Люси сидела поодаль от Эдвила и теребила агатовый браслет. То, что он рассказывал ей было полно рассудительности, но притом отдавало бредом лунатика. Одно Люси понимала с абсолютной уверенностью — она угодила в лапы всесильного безумца.

— Если бы ты помогла мне достичь единства с пламенем, я бы обрёл свободу…

— От твоих рук гибнут и невинные люди, Эд! Почему нельзя остановиться?!

Он глядел на неё неотрывно и умоляюще, а отсветы того, кому он поклонялся, окрашивали его милое лицо в цвет крови.

— Потому что бег огня остановить невозможно. А теперь позволь я взгляну на твои раны.

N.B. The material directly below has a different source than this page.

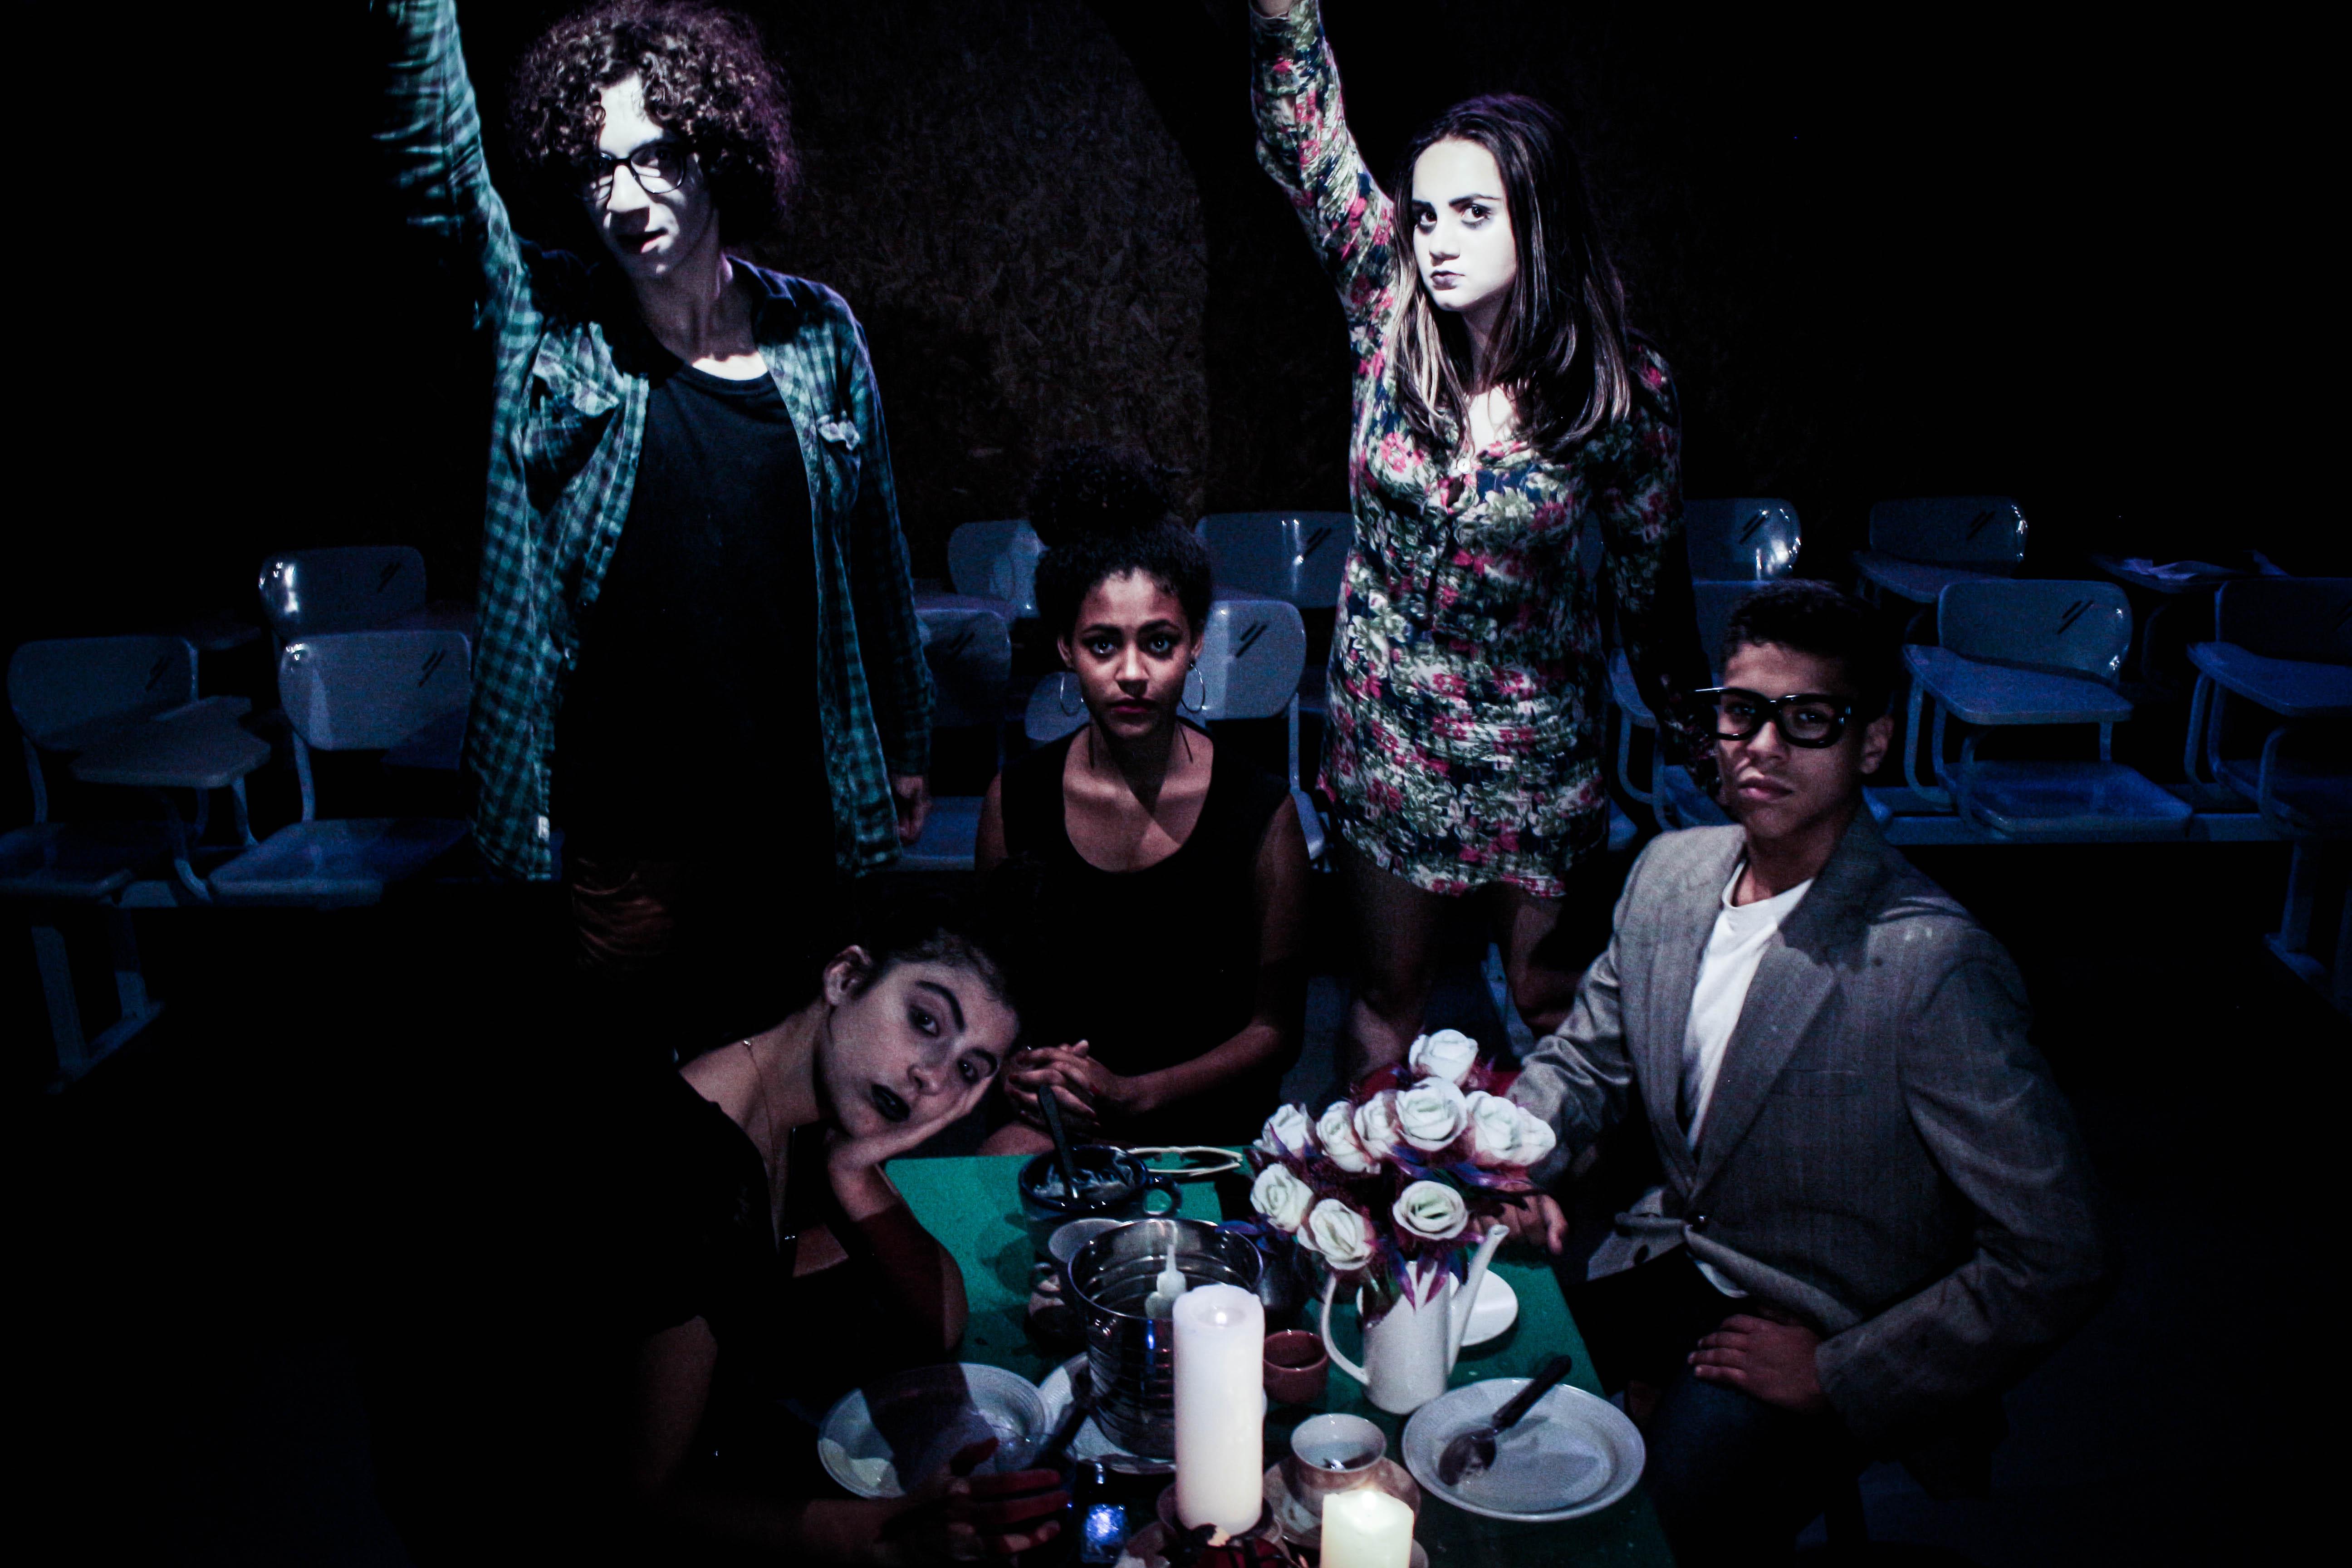 Os fantasmas assombram a família Deets

Люси смирилась и протянула ему ладони. Он осторожно приблизился, обогнув костёр, и сел перед нею. Забрал кисти в свои, прильнул к ним лицом и принялся кудесить. Люси видела полоски света между её содранной кожей и его ресницами, пока блаженное тепло гасило боль и приносило облегчение. Эдвил дышал пламенем ей в ладони, не принося разрушений, только помощь. Закончив, он рассмотрел девственную кожу её рук. Огладил и вдруг порывисто расцеловал их. Вновь упал лицом в ладони Люси и прошептал:

— Я искал тебя двести лет.

Загрузка...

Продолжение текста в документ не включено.